Re-readability is the gut check. Run a Caveman response past a teammate who didn't write the prompt: if they can act on it, great. If they have to ask "wait, what does this mean?", you're trading clarity for cost — and clarity usually wins long-term.

Try it yourself

bash
claude plugin marketplace add JuliusBrussee/caveman
claude plugin install caveman@caveman

Confirm the plugin is active by checking the flag file the SessionStart hook writes:

bash
cat ~/.claude/.caveman-active
# expected: full   (or whatever mode is active)

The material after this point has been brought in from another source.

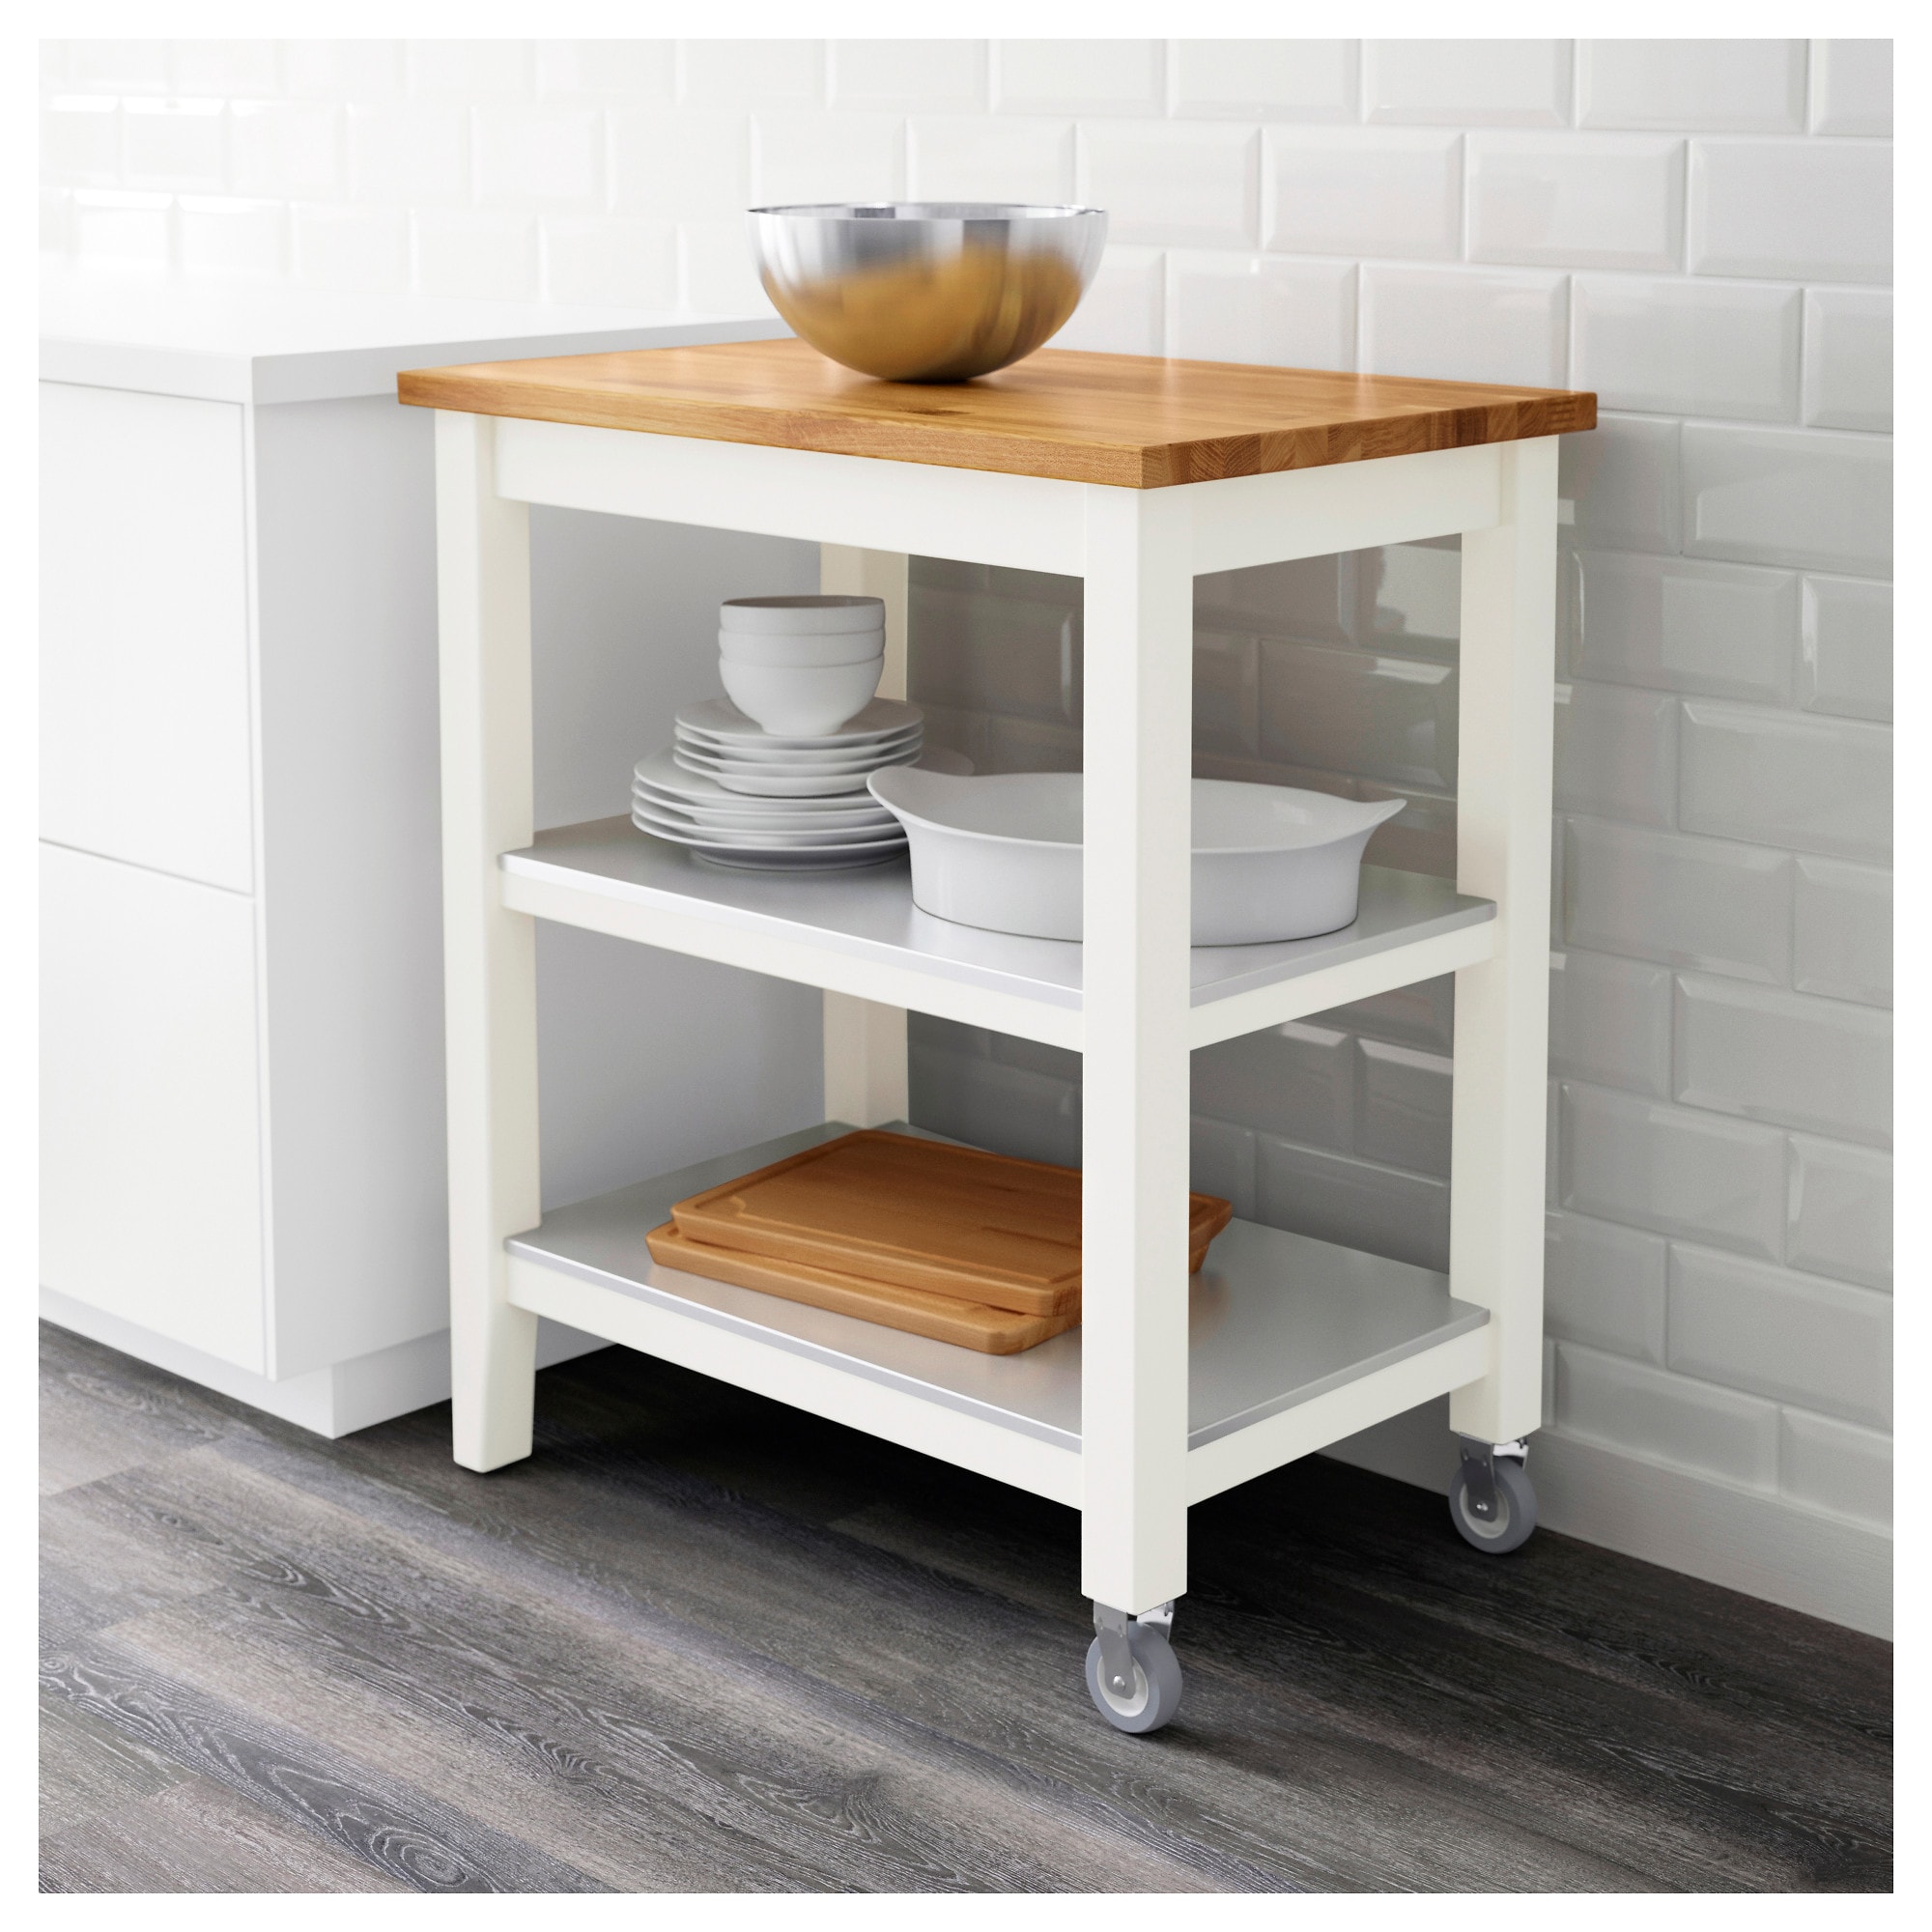 ikea stenstorp kitchen trolley offers you additional storage space in your kitchen.  GXCLYFB

If you already have a custom statusline, Caveman won't overwrite it — wrap your existing script and prepend the badge yourself:

~/.claude/statusline.sh
#!/usr/bin/env bash
# Read the active caveman mode (if any) and prepend a colored badge
# to whatever your existing statusline command emits.
mode_file="$HOME/.claude/.caveman-active"
badge=""
if [ -f "$mode_file" ]; then
  mode=$(tr '[:lower:]' '[:upper:]' < "$mode_file" | tr -d '[:space:]')
  if [ -n "$mode" ]; then
    badge=$'\033[38;5;208m['"CAVEMAN${mode:+:$mode}"$']\033[0m '
  fi
fi
printf "%s%s" "$badge" "$(npx ccusage statusline 2>/dev/null)"
~/.claude/settings.json
"statusLine": {
  "type": "command",
  "command": "bash ~/.claude/statusline.sh"
}

Switch intensity with /caveman ultra (or lite) and the badge updates accordingly. If the .caveman-active file isn't there after a fresh session, run /caveman once manually to force-write it.

Caveats

  • The 30–37% savings are a floor, not a ceiling. Our bench ran with effortLevel: high, which generates lots of extended-thinking tokens that Caveman doesn't compress. At medium or default effort — where most users live — prose makes up a larger share of total output, so deltas should be larger than what we measured here.
  • Style hooks aren't a tokens-mastery substitute. Caveman touches output only. Your CLAUDE.md diet, file-read hygiene, and model routing (covered in Token Mastery) are still the bigger lever.
  • Plugin freshness matters. Community projects come and go. Verify the GitHub repo is still maintained before adopting on a team.
  • One-data-point caveat. This bench is one user, one model, three prompts. Your workload — especially if it skews toward generation, search, or long tool-call chains — may differ. The methodology section is here so you can re-run it on your own setup.